King Aethelfrith of Northumbria's family has arrived in exile to the monastery on the island of Iona. Oswald learns to fight, as it is a necessary skill for a young prince. He is attracted to life in the church and desires to become a monk. Before he can take his vows, news reaches the island that Oswald's half brother Eanfrith has been killed by Cadwallon. Oswald sails to Northumbria to fight to become King of Northumbria. But other kings would fight against him Oswald should he succeed.
I received a free copy of this book from LibraryThing in exchange for an honest review*. This is the second book in The Northumbrian Thrones Trilogy. I had not read the first book in this trilogy, but I had no difficulty following the plot. There is an excellent summary at the beginning of the book that explains the major events of the previous book. I am now looking forward to reading both the first and the third books.
I found this to be an intriguing story based on a fascinating time in history. Using Bede's History as an inspiration, Albert writes a convincing story about Oswald and his struggles as a prince, and a king. There is the added element of religious conversion that provides another source of tension to the story. Oswald and others have become Christian, while many still cling to their Pagan beliefs. The drama of the battles and in the character's lives made me not want to put the book down.
I also appreciated the excellent Historical Note that Albert included at the end of the book.
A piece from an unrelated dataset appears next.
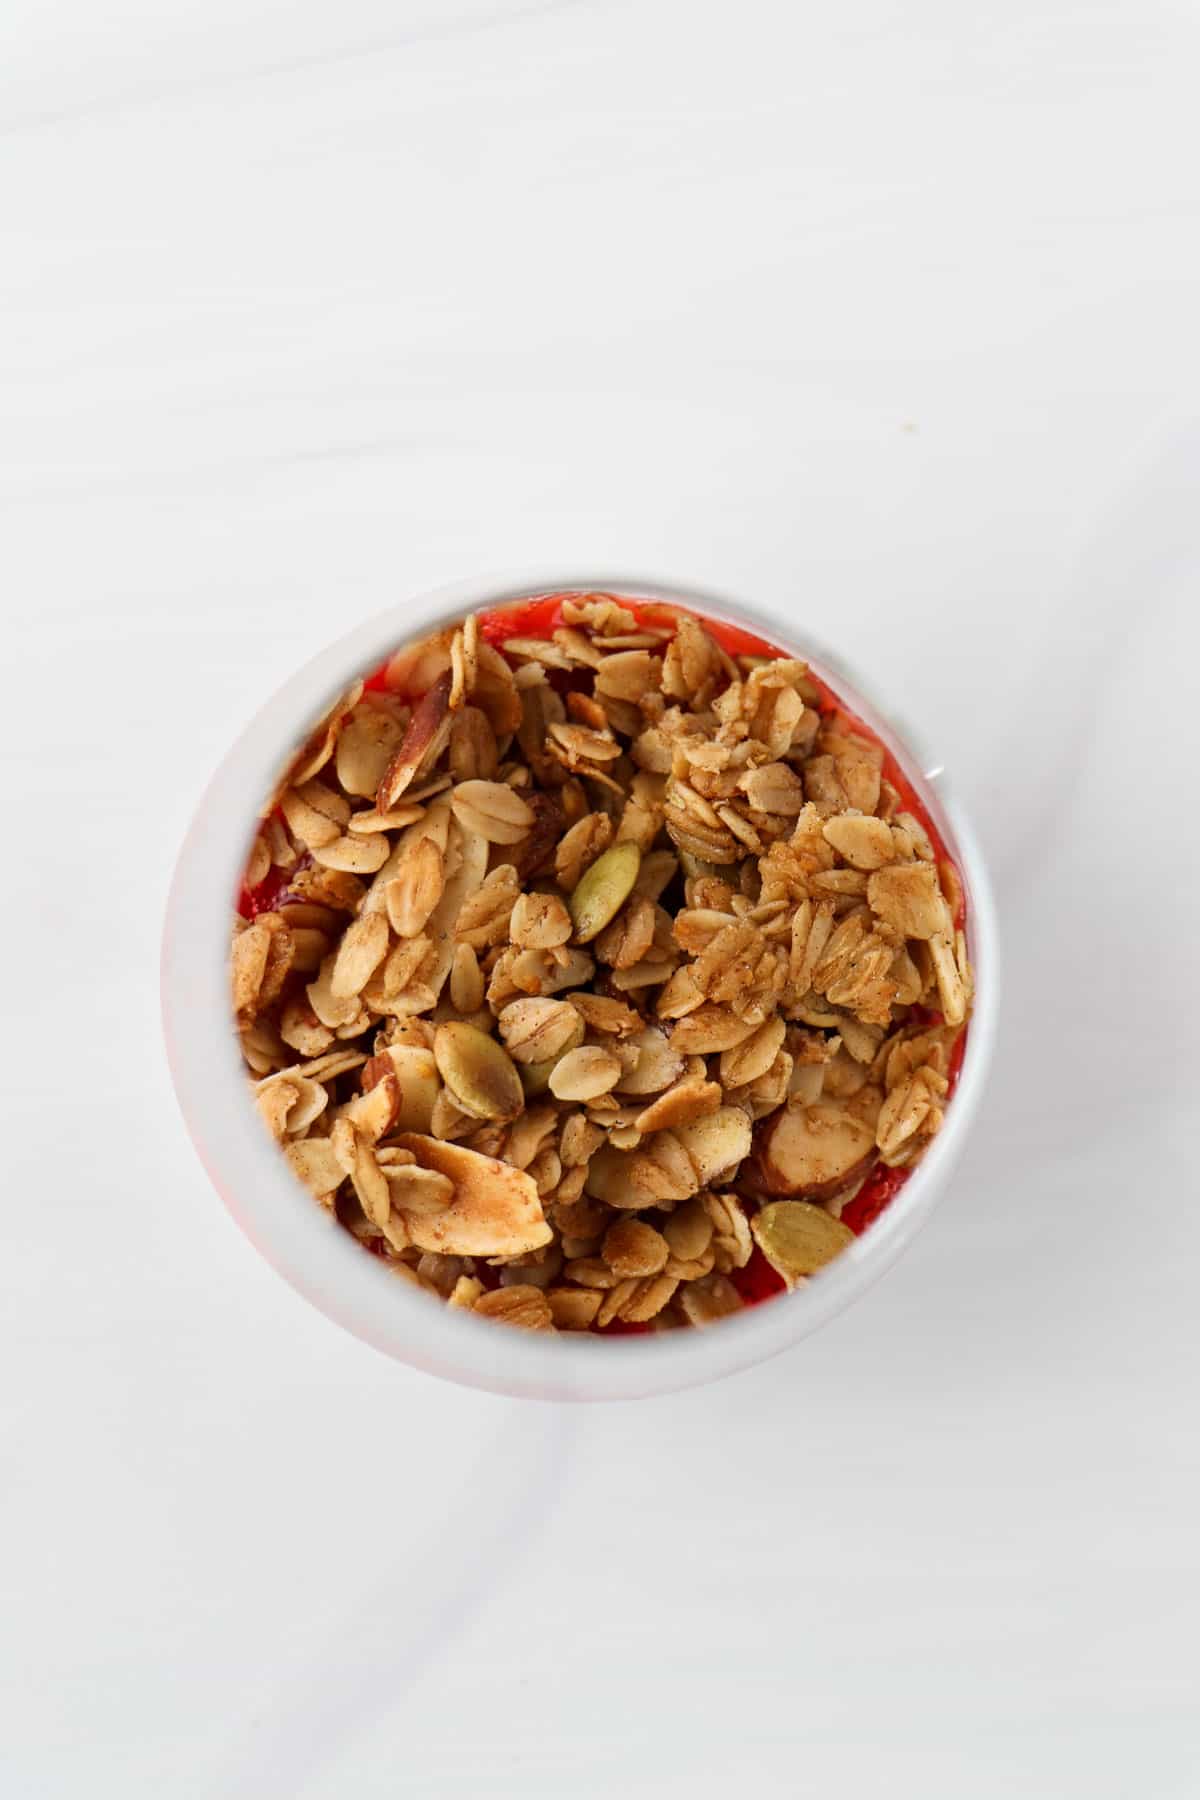 Overhead view of granola in a glass.

I was pleased with the details he provided, and liked learning where the story differed from historical events. There are also some books suggested for those that want to learn more about this time period.
I found this to be an enjoyable historical fiction novel, and I would recommend reading this book.
*Receiving a free copy of this book does not change my review. It simply provides me with a copy of a book I would not have gotten to as soon, or heard about otherwise.